- Born: 1979 (age 46–47) Minsk, Byelorussian Soviet Socialist Republic (now Belarus)
- Education: Princeton University (BA) New York University (MFA)
- Occupation: Writer

= Boris Fishman =

American writer

Boris Fishman (born 1979) is a Belarusian-born American writer. He is the author of the novels Don’t Let My Baby Do Rodeo (2016), A Replacement Life (2014), and The Unwanted (2025), and the memoir Savage Feast (2019).

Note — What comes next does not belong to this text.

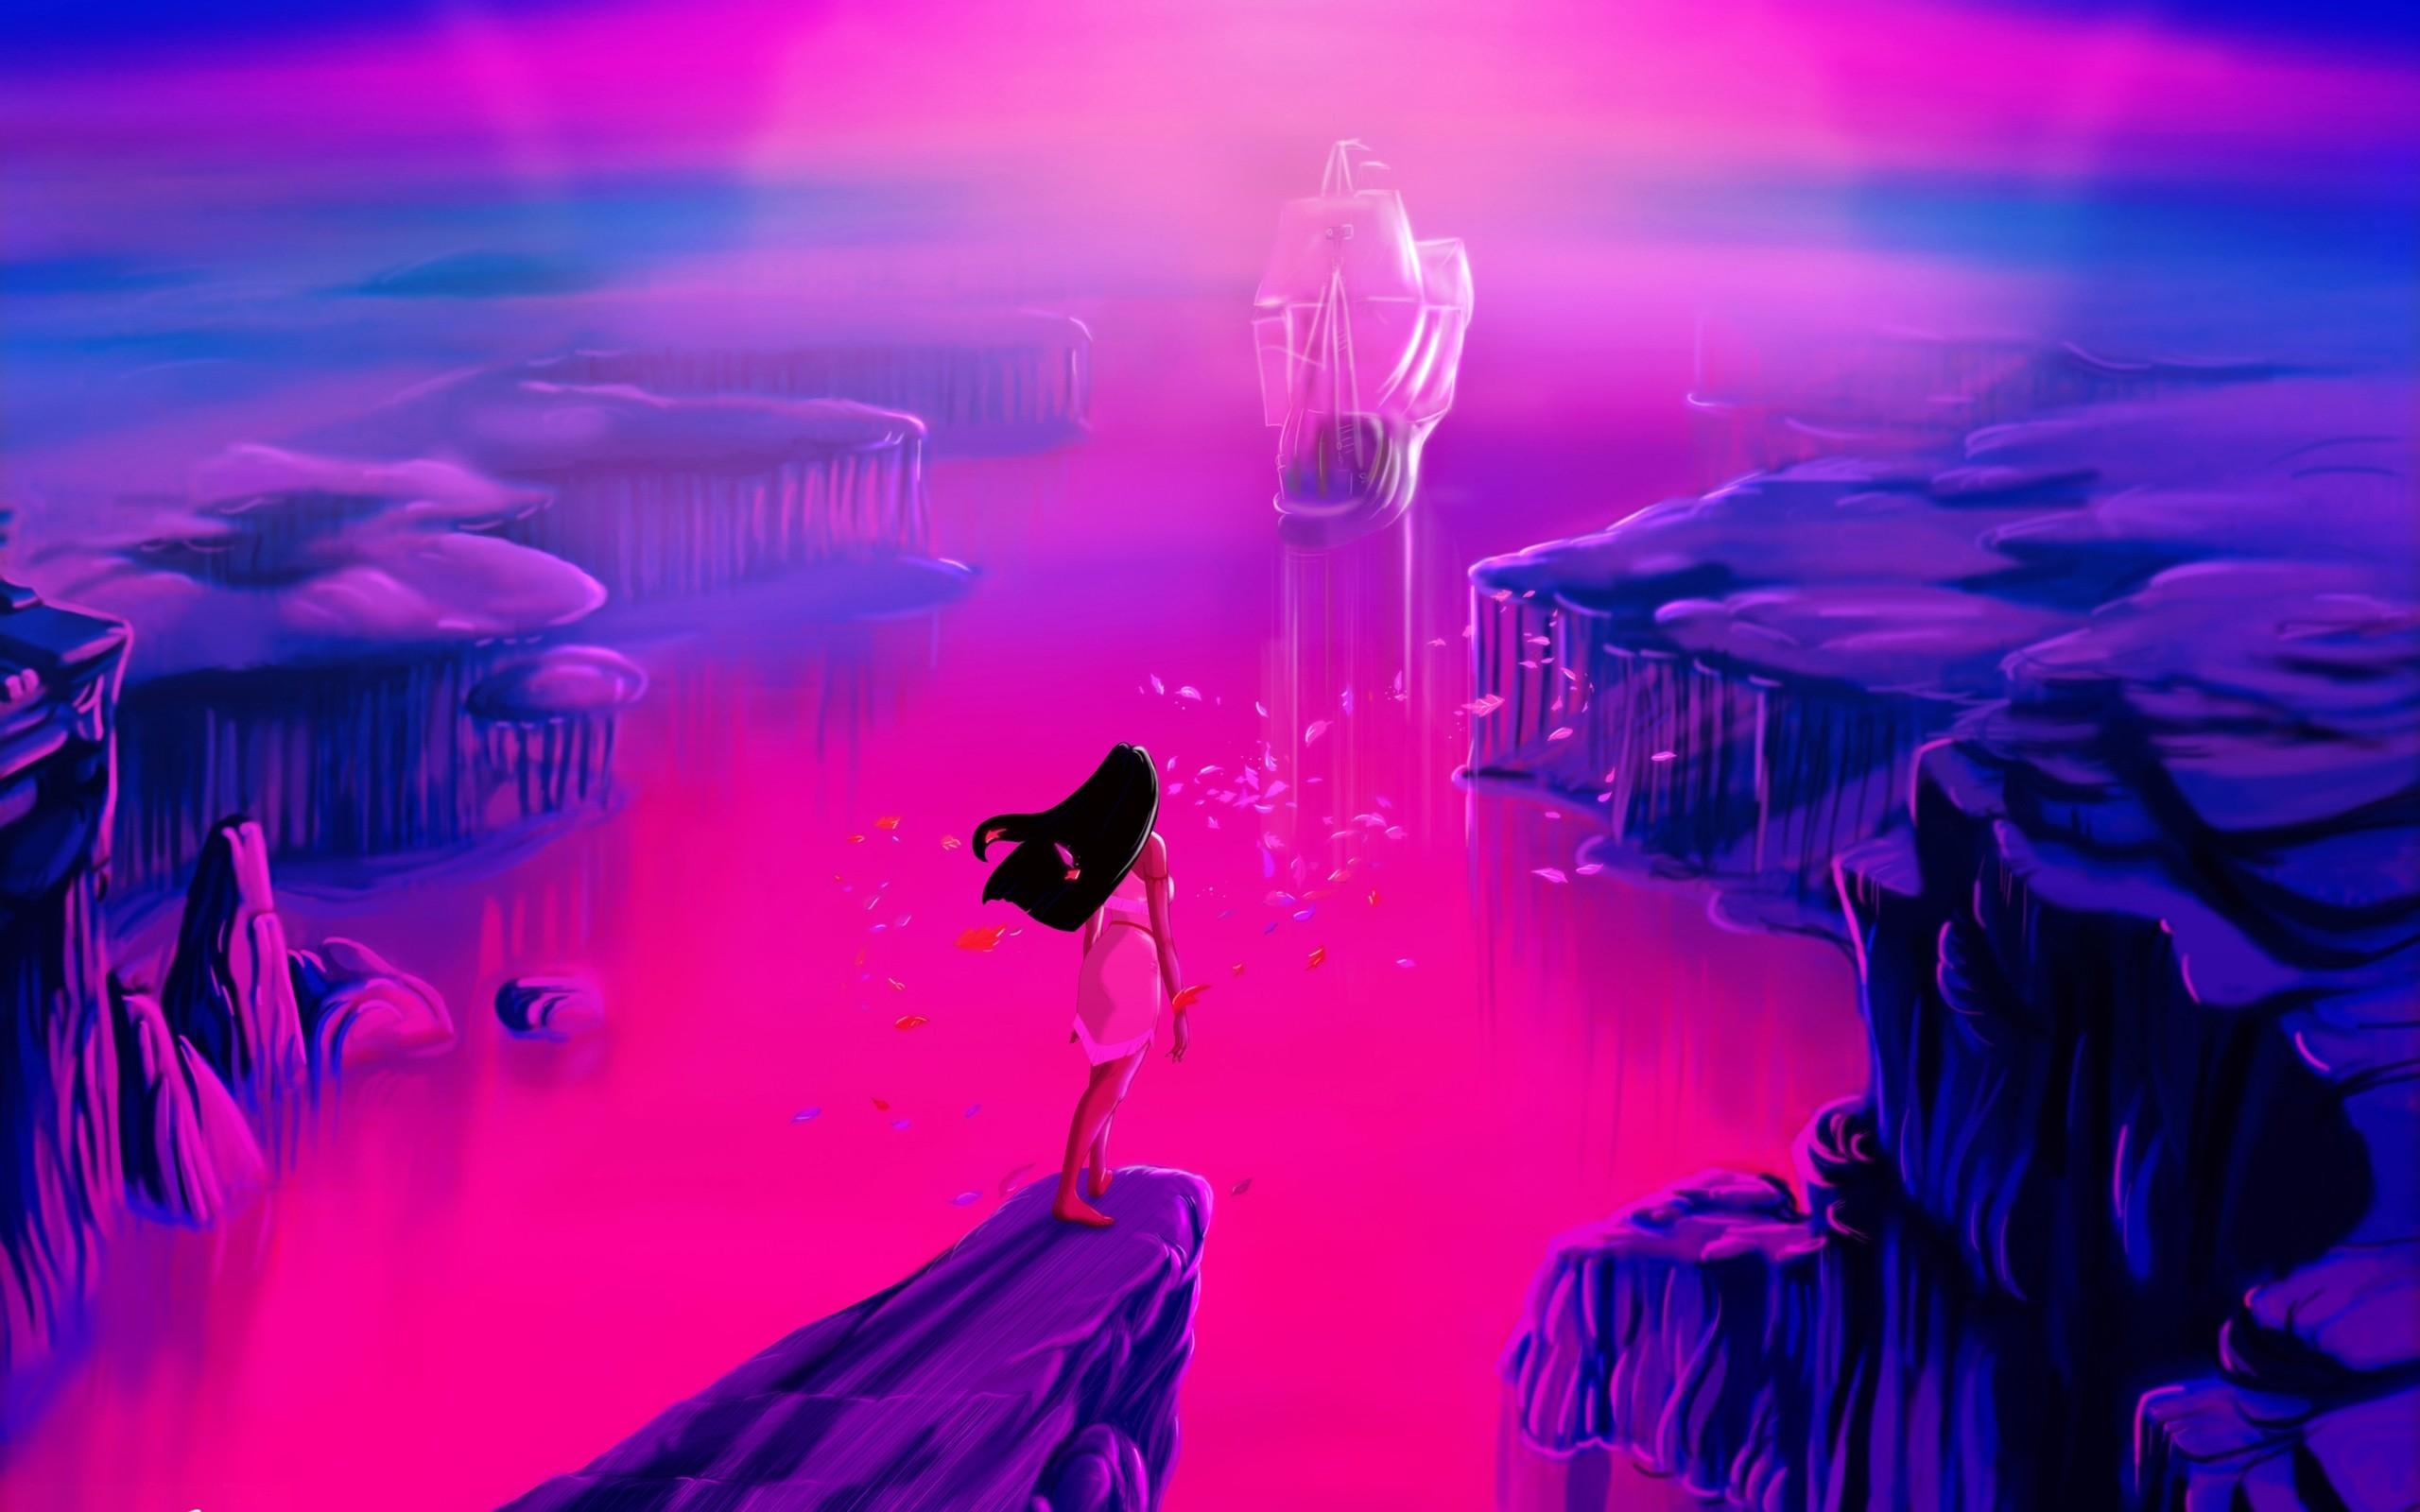 Res: 2560x1600, Pocahontas HD Wallpaper | Hintergrund |  | ID:392231 - Wallpaper  Abyss
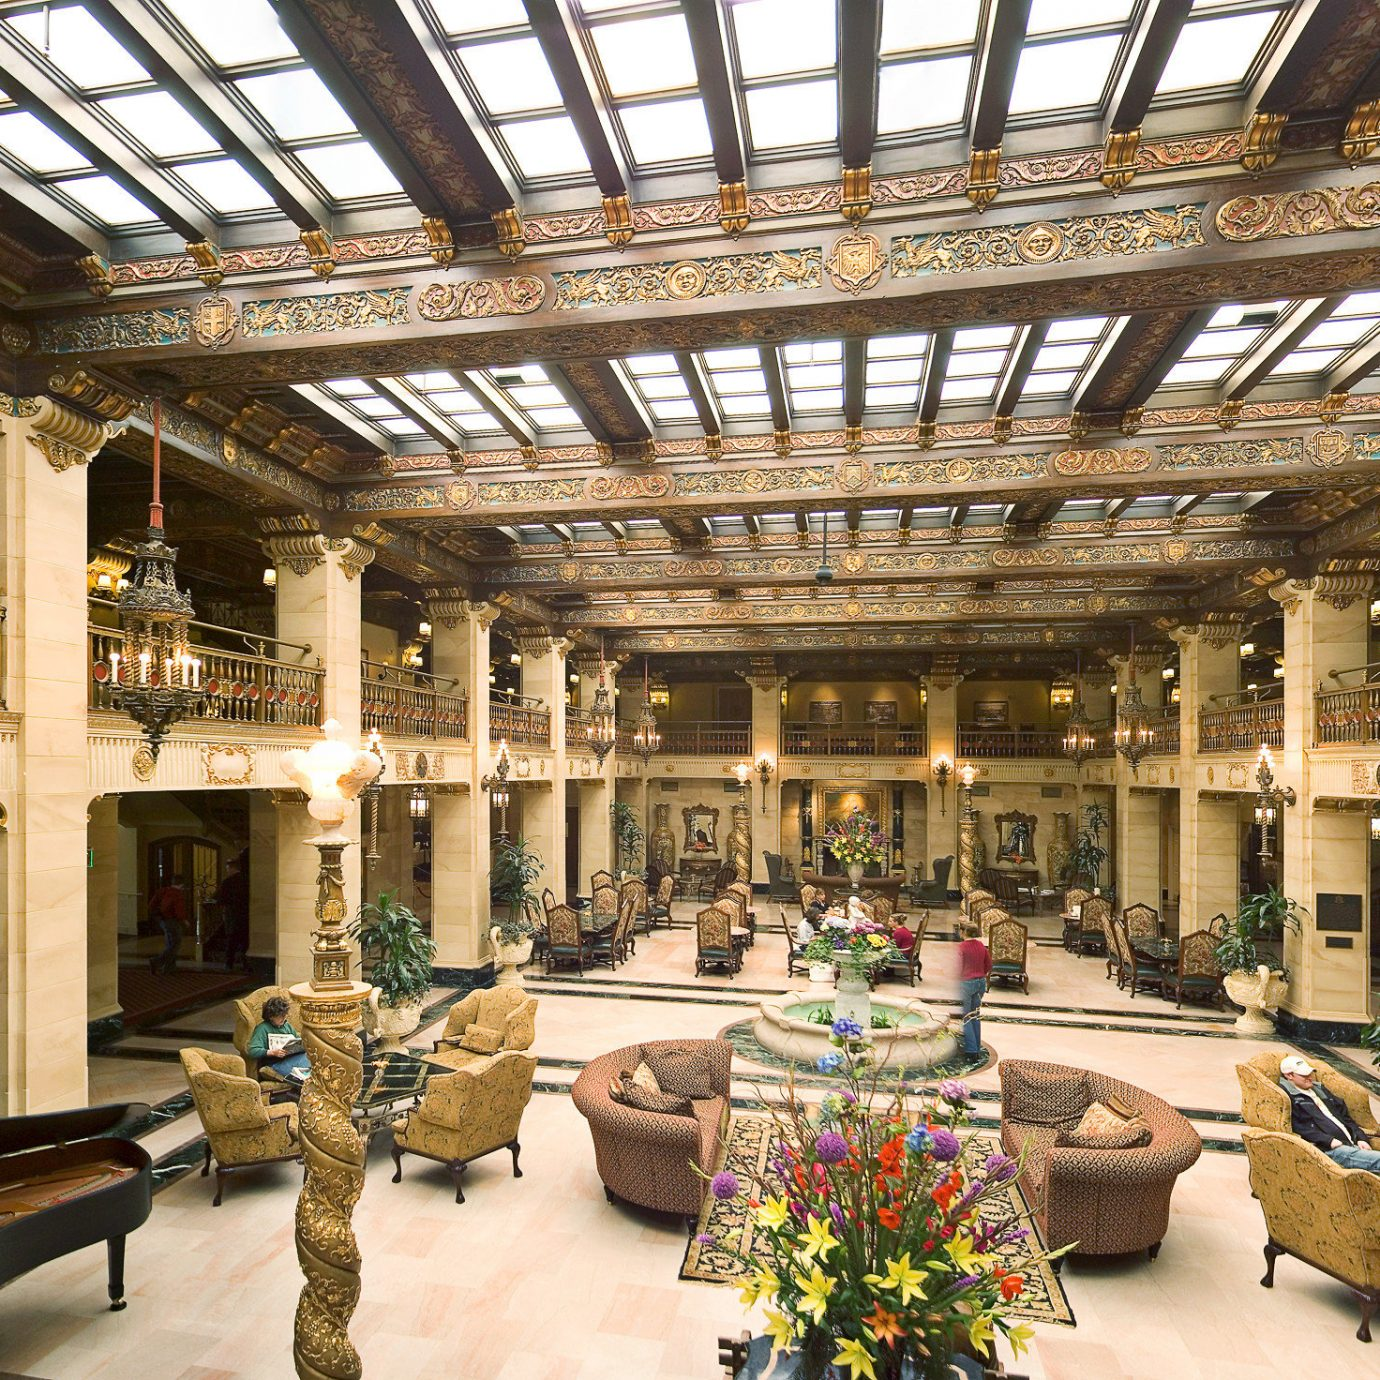 Elegant Historic Lobby Lounge Luxury building palace plaza arcade shopping mall tourist attraction

He and his wife appeared on the fourth season of the television show Couples Therapy.

==Early life==
Fishman was born in Soviet Minsk, to a family of Jewish-Soviet origin. Fishman immigrated to the U.S. in 1988 with his family. He holds a BA in Russian literature from Princeton University and an MFA from New York University.

==Career==
Fishman is the author of the novel A Replacement Life, a 2014 New York Times Notable Book of the Year, which won the VCU Cabell First Novelist Award and the American Library Association's Sophie Brody Medal. The novel tells the story of a young Jewish-Soviet immigrant who assists his grandfather in defrauding the Conference on Jewish Material Claims Against Germany. Fishman's second novel, Don't Let My Baby Do Rodeo, a 2016 New York Times Notable Book of the Year, tells the story of a New Jersey couple who adopt a difficult baby from Montana. His third book, Savage Feast, is a family history told through recipes. The Unwanted is the story of a family in flight from civil war in an unnamed country.

He has contributed personal essays, literary criticism, reporting, travelogues, and food writing to The New Yorker, The New York Times Magazine, The Guardian, The Washington Post, The Wall Street Journal, Travel + Leisure (where he is a contributing writer), Food & Wine, and other publications.

He taught in Princeton University's Creative Writing Program from 2015 to 2020, followed by the University of Montana in Missoula, Montana, where he taught in the MFA program. In 2024, he became a professor of creative writing and literature teaching the inaugural class at the University of Austin in Austin, Texas.